Embeddings and Semantic Search - Mohammadali Bazyar

What an Embedding Is

An embedding is a fixed-size list of numbers (typically 384 to 1536 dimensions) that represents the meaning of something. The same model produces vectors for any input. Crucially: similar inputs produce similar vectors.

The sentence "I love dogs" might embed to [0.21, -0.04, 0.87, ...]. The sentence "Puppies make me happy" embeds to a vector that's close in vector space because the meaning overlaps, even though the words don't.

This single property unlocks an enormous range of applications.

Why Keyword Search Fails

Traditional search (BM25, Elasticsearch defaults) matches words. If you search for "fast car" and a document says "speedy automobile," keyword search misses it entirely. They're synonymous but share no words.

Embedding-based search finds them anyway. The vectors for "fast car" and "speedy automobile" are close. Distance-based retrieval surfaces the match.

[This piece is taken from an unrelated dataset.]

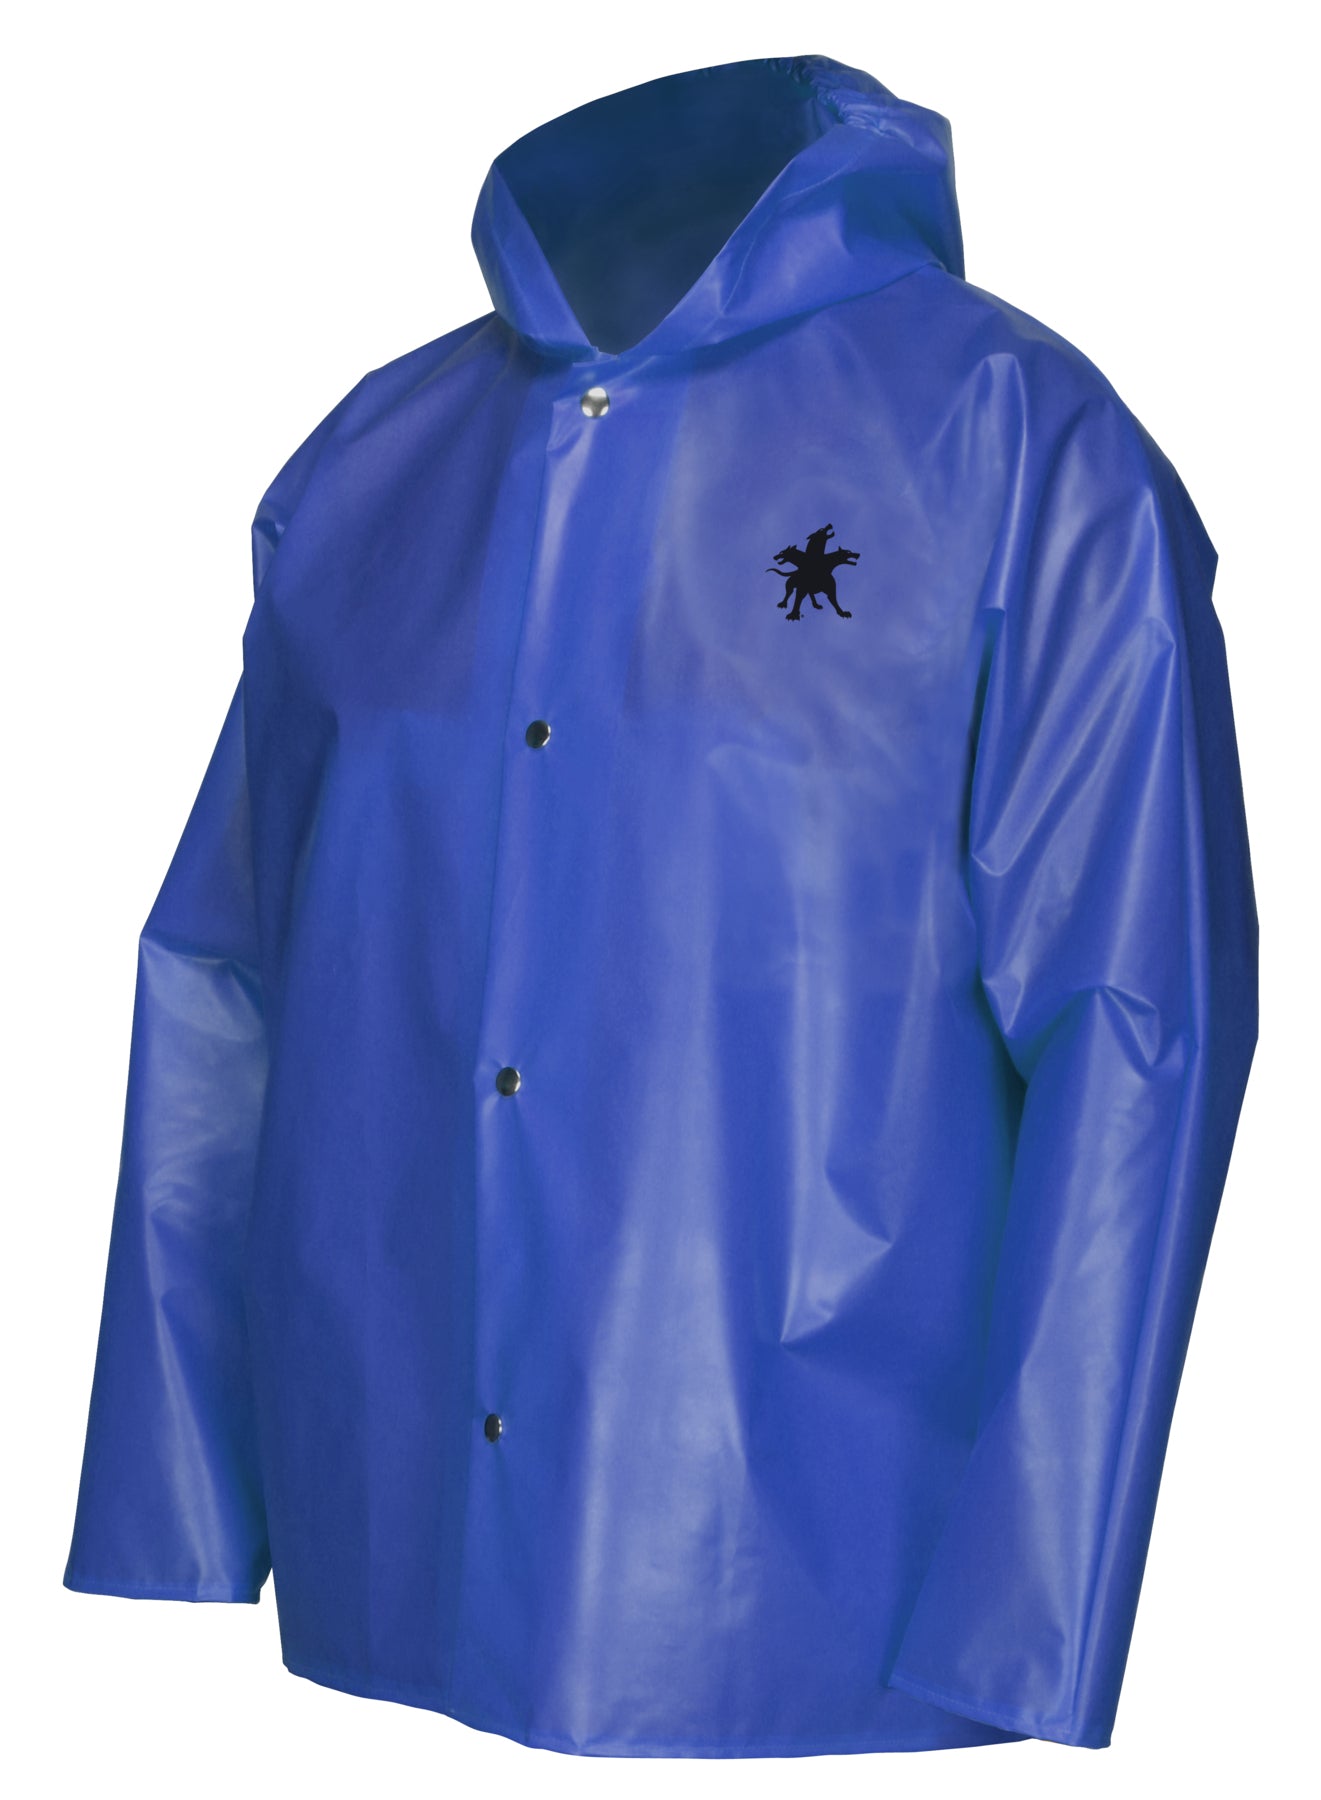 563JH - Navigator Series Rain Jacket w/Attached Hood Blue

How Embeddings Are Created

Embedding models are neural networks trained to produce vectors where semantically similar inputs are close. Training uses techniques like contrastive learning: show the model pairs of similar things and pairs of dissimilar things; train the network to make similar things' vectors close and dissimilar ones' vectors far.

You don't train them yourself. You use a pre-trained model:

OpenAI text-embedding-3-small / large: high quality, easy API.
Cohere embed-v3: strong on retrieval tasks.
Voyage AI: specialized for retrieval.
Sentence-Transformers (all-MiniLM, all-mpnet-base): open source, run locally.
BGE, E5, GTE: open source, often top-of-leaderboard.

Embeddings Aren't Just for Text

Models exist for almost any modality:

Images: CLIP, DINO. Useful for image similarity, image search.
Audio: embed audio for music similarity, speaker identification.
Code: CodeBERT, GraphCodeBERT. "Find similar functions in our codebase."
Multimodal: embed text and images in the same space (CLIP). Search images by text or vice versa.

Building Semantic Search

The pipeline:

1. Index: for each document, generate an embedding. Store the vector and a pointer to the document.
2. Query: at search time, embed the user's query.
3. Retrieve: find the K vectors closest to the query embedding.
4. Return: the documents associated with those vectors.

The retrieval step uses a vector database (see the Vector Databases article). The embedding step uses a model API or a local model.

Hybrid Search: The Practical Sweet Spot

Pure semantic search misses exact-match cases. Someone searching for an SKU number, a phone number, or an exact phrase wants keyword matches. Hybrid search combines:

Vector similarity (semantic).
BM25 keyword scoring (lexical).
Optionally, metadata filters (date, language, category).

Results from each are merged with a scoring function (often Reciprocal Rank Fusion). Quality improves 10-30% over either approach alone.

Reranking

The first-pass retrieval (vector + BM25) returns the top 50-100. A second-pass reranker model scores each candidate against the query more precisely. Rerankers are smaller, slower, and more accurate than embedding models. Output: a final top 10.

Common rerankers: Cohere Rerank, BGE-reranker, cross-encoder models.

Common Pitfalls

Long documents: a single embedding can't represent a 50-page PDF well. Chunk first.
Embedding drift: swapping models means re-embedding everything. Vectors from different models are not comparable.
Asymmetric retrieval: queries are short, documents are long. Some models have separate "query embedding" and "document embedding" modes.
Out-of-distribution queries: the model wasn't trained on your domain. Medical text, legal text, code: you may need a domain-specific embedding model.
Cost: embedding millions of documents adds up. Open-source models help.

Beyond Search: Other Uses of Embeddings

Clustering: group similar items. K-means on embeddings.
Classification: nearest-neighbor classification using a small set of labeled examples.
Deduplication: find near-duplicate content.
Recommendation: "users who liked X" is nearest-neighbor on user embeddings.
Anomaly detection: items far from any cluster are unusual.
Visualization: project high-dimensional embeddings to 2D (UMAP, t-SNE) for exploration.

The One Thing to Remember

Embeddings turn meaning into geometry. Once your data is in vector space, distance equals similarity. That single trick reshapes how search, recommendation, and many other features can be built. The technical pieces (which model, which vector database, what chunk size) are details. The conceptual leap (storing meaning as vectors) is the foundation everything else builds on.